Le domaine de l’informatique quantique est en plein essor, avec des avancées spectaculaires ces dernières années. La Chine a non seulement pris part à la course, mais elle a récemment battu le leader du domaine, Google, en concevant l’ordinateur quantique le plus puissant au monde.
C’est l’équipe de recherche de Jian-Wei Pan, de l’Université des sciences et technologies de Chine à Hefei, qui affirme que son ordinateur quantique a résolu en un peu plus d’une heure un problème qui aurait pris huit ans au superordinateur classique le plus puissant du monde, et qu’il pourrait même être capable de performances bien plus élevées. Les détails du système ont été publiés sur le serveur de préimpression arXiv.
Le problème, qui est devenu une référence en matière d’informatique quantique, consiste à simuler un circuit quantique et à échantillonner des nombres aléatoires à partir de sa sortie. Ce problème s’échelonne de façon exponentielle en complexité à mesure que l’on ajoute des qubits au circuit modélisé, ce qui signifie que les ordinateurs classiques trouvent rapidement la tâche ingérable à mesure que la complexité augmente.
Suprématie quantique : atteinte sans même utiliser toute la puissance du processeur
En 2019, Google a annoncé que son processeur Sycamore avait atteint la suprématie quantique — le terme donné au point auquel les ordinateurs quantiques peuvent résoudre un problème qu’un ordinateur classique trouverait impossible dans un délai raisonnable — en utilisant ce problème comme banc d’essai.

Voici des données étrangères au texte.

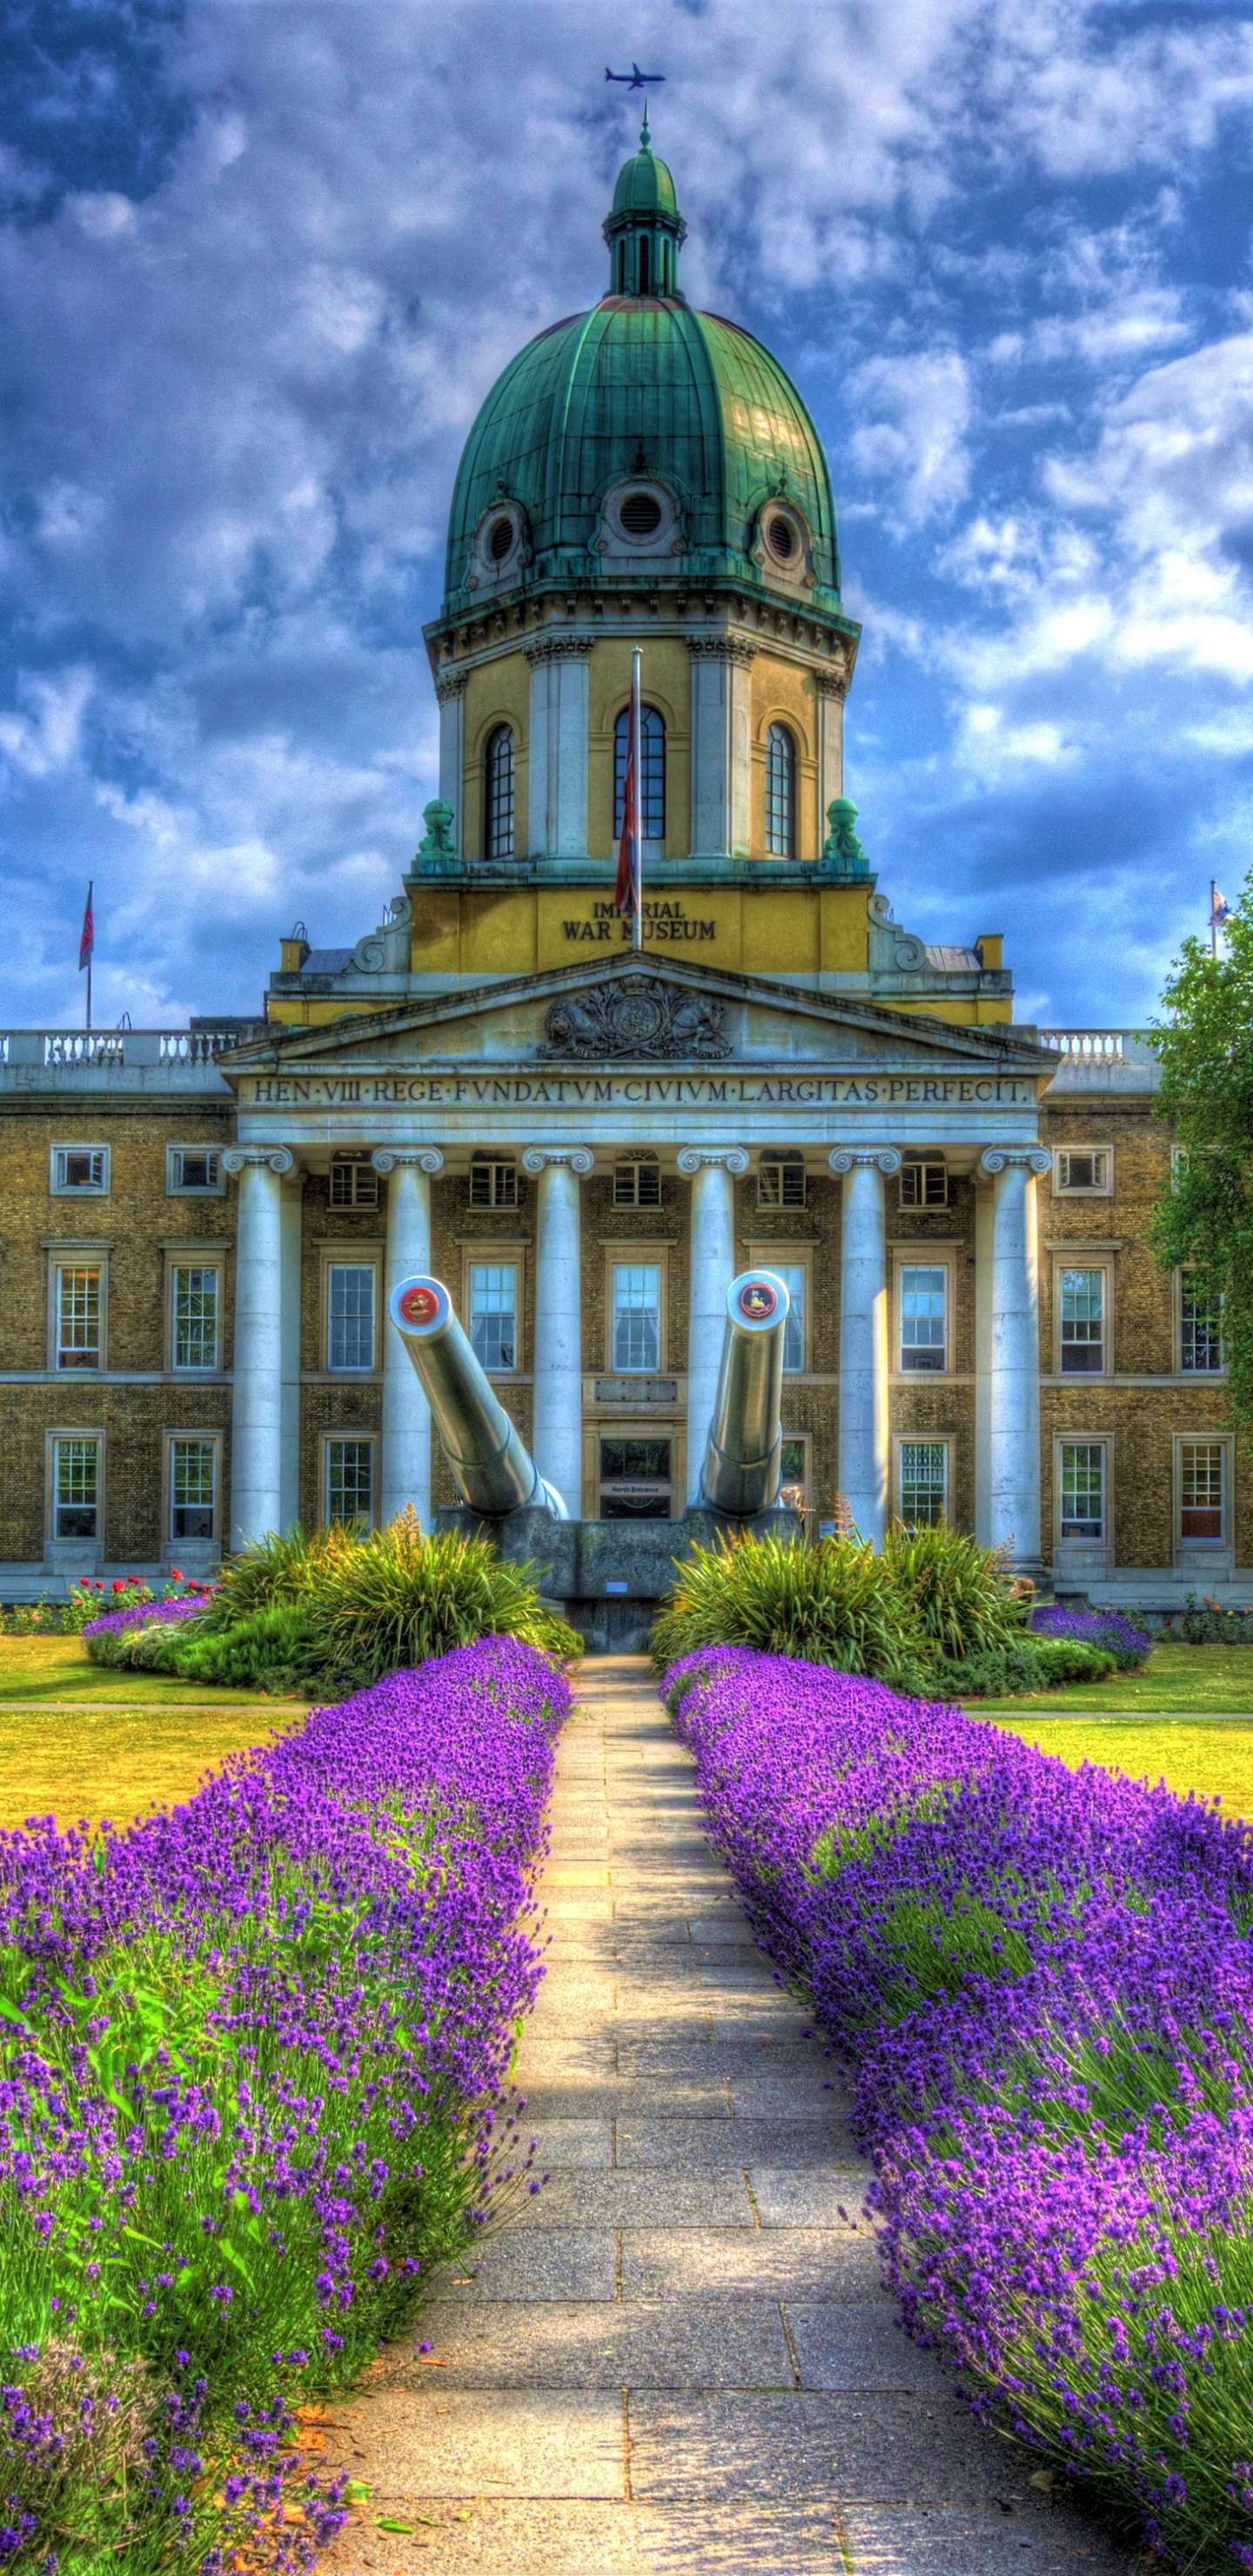 garden, man made, museum, spring, purple flower, hdr, impegrial war museum, building

Aujourd’hui, l’équipe de Pan a résolu une version du problème qui est au moins 100 fois plus difficile.
Le processeur de Google disposait de 54 qubits et a résolu un problème de référence en seulement 3 minutes et 20 secondes. L’équipe de Google a affirmé qu’il faudrait 10 000 ans au superordinateur le plus puissant du monde pour résoudre cette même version du problème, bien qu’IBM ait affirmé par la suite que son superordinateur classique aurait pu le résoudre en deux jours et demi, mais n’en a pas fait la démonstration pratique.
Le processeur chinois, nommé Zuchongzhi (d’après le mathématicien du Ve siècle Zu Chongzhi, qui a calculé Pi avec une précision qui ne serait pas dépassée avant 800 ans), possède quant à lui 66 qubits, mais l’équipe n’en a utilisé que 56 dans l’expérience, résolvant le problème en 70 minutes environ. Les chercheurs affirment dans leur article qu’il s’agit d’une démonstration « sans ambiguïté » de la suprématie quantique.
Loi de Moore classique vs. Loi de Moore quantique
Le concept de suprématie quantique est en quelque sorte une cible mouvante, car les ordinateurs classiques s’améliorent constamment. Mais alors que la loi de Moore, une règle empirique de l’industrie selon laquelle la densité des transistors des ordinateurs classiques double tous les deux ans, a commencé à ralentir après des décennies de progrès, les ordinateurs quantiques progressent rapidement.
Peter Knight, de l’Imperial College de Londres, estime que ces recherches constituent une avancée impressionnante et que le nombre de qubits dans les ordinateurs quantiques de pointe semble augmenter de manière exponentielle. Cela entraînera des gains rapides étant donné que la croissance des performances croît également de manière exponentielle à mesure que chaque qubit est ajouté.
« Je suis très enthousiaste à ce sujet. Ce que cela a fait, c’est démontrer ce que nous avons toujours pensé savoir, mais que nous n’avions pas prouvé expérimentalement, à savoir que vous pouvez toujours battre une machine classique en ajoutant quelques qubits de plus », dit-il. « Donc, si vous pensez à la loi de Moore, à la conception d’ordinateurs plus performants, tout ce que la machine quantique a à faire est d’ajouter une poignée de qubits. […] Il existe également une loi de Moore quantique, ce qui signifie que le nombre de qubits augmente de manière exponentielle ».